On average, the world’s 10 largest banks by revenue have operations in 47 countries. There are tens of thousands of employees, across multiple geographies, all communicating in a number of different languages. That is a huge logistical and technological challenge for any compliance team to monitor effectively. Even if your official business is conducted in English, or French, or Japanese, what about other languages that are used on a daily basis? What languages do your employees, clients, and other stakeholders speak? Analyzing communications in just one language creates a huge blindspot for compliance. Multilingual coverage is a must.

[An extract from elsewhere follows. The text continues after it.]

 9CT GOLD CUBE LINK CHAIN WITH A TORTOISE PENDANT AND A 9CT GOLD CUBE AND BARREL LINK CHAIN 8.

Further Blurring of Financial and Non-Financial Misconduct

For years, firms have been monitoring employee communications as part of their commitment to complying with financial regulations. However, over the past 18 months,

in particular, there’s been a spotlight on non-financial misconduct.

Regulators are starting to crack down on instances of non-financial misconduct in an attempt to improve workplace culture across financial institutions. Toxic working environments are often breeding grounds for serious regulatory breaches and prevent concerned employees from reaching out to their compliance team.

“The FCA in the UK has been quite vocal about non-financial misconduct being equally important as financial misconduct,” explained Kalika Jayasekera, Global Chief Compliance Officer and Board Director at SoftBank Investment Advisers.

“There’s a very significant regulation called the SMCR (the Senior Managers and Certification Regime) that came out first for banks several years ago, as a response to the financial crisis. And it was about making sure that senior management is held responsible for financial actions and issues that happen in companies.”

At the end of 2020, there was a ‘Dear CEO’ letter from the FCA about non-financial misconduct guidance. The letter explained that how firms handle non-financial misconduct in their organization is indicative of their culture. A lack of diversity and inclusion were also cited as key obstacles in creating the right environment where people are comfortable to speak out.

The increasing regulatory scrutiny on how firms address non-financial misconduct isn’t isolated to the UK. Although the U.S. Securities and Exchange Commission (SEC) hasn’t issued any specific guidance relating to misconduct and culture, it is a topic that is gaining momentum with the regulator. 

“Every year, the SEC puts out what’s called their national exam priorities,” said Mike Piwowar, Former Acting SEC Commissioner and Executive Director Milken Institute Center for Financial Markets. “And this is a way for the SEC to be transparent with the public in terms of the use of their limited resources and their division of examinations.”

“If you go back to 2018, conduct, misconduct, or culture was mentioned once in the SEC exam national exam priorities. In 2019, it was mentioned twice. In 2020, it was mentioned nine times. And, in the 2021 version, it was mentioned 12 times. So, clearly, the SEC is showing a trend towards more focus from their exam team on softer issues, non-financial misconduct issues.”

Time will tell as to whether the SEC will ever introduce defined regulations in order to tackle non-financial misconduct, but many firms are already utilizing monitoring solutions to proactively identify issues such as racism, sexism, bullying, and other forms of misconduct to protect and improve their corporate culture. 

The line between financial and non-financial misconduct continues to blur and compliance teams, HR, and general counsel must work together to root out toxic behavior before it harms workplace culture, firms fall foul of the regulator, and irreparable damage is done.

The Long Road Ahead

In such an ever-changing industry, it’s important to remember that overhauling your compliance program is a marathon, not a sprint. 

Regulators don’t expect firms to adopt new technology, policies, and processes overnight. However, they do expect firms to be aware of what’s coming around the corner and have the foresight to plan accordingly. Chief compliance officers armed with a roadmap that aligns to key regulatory trends will not only win in the long run, they’ll also be able to keep regulators onside as they build a program that’s fit for the future.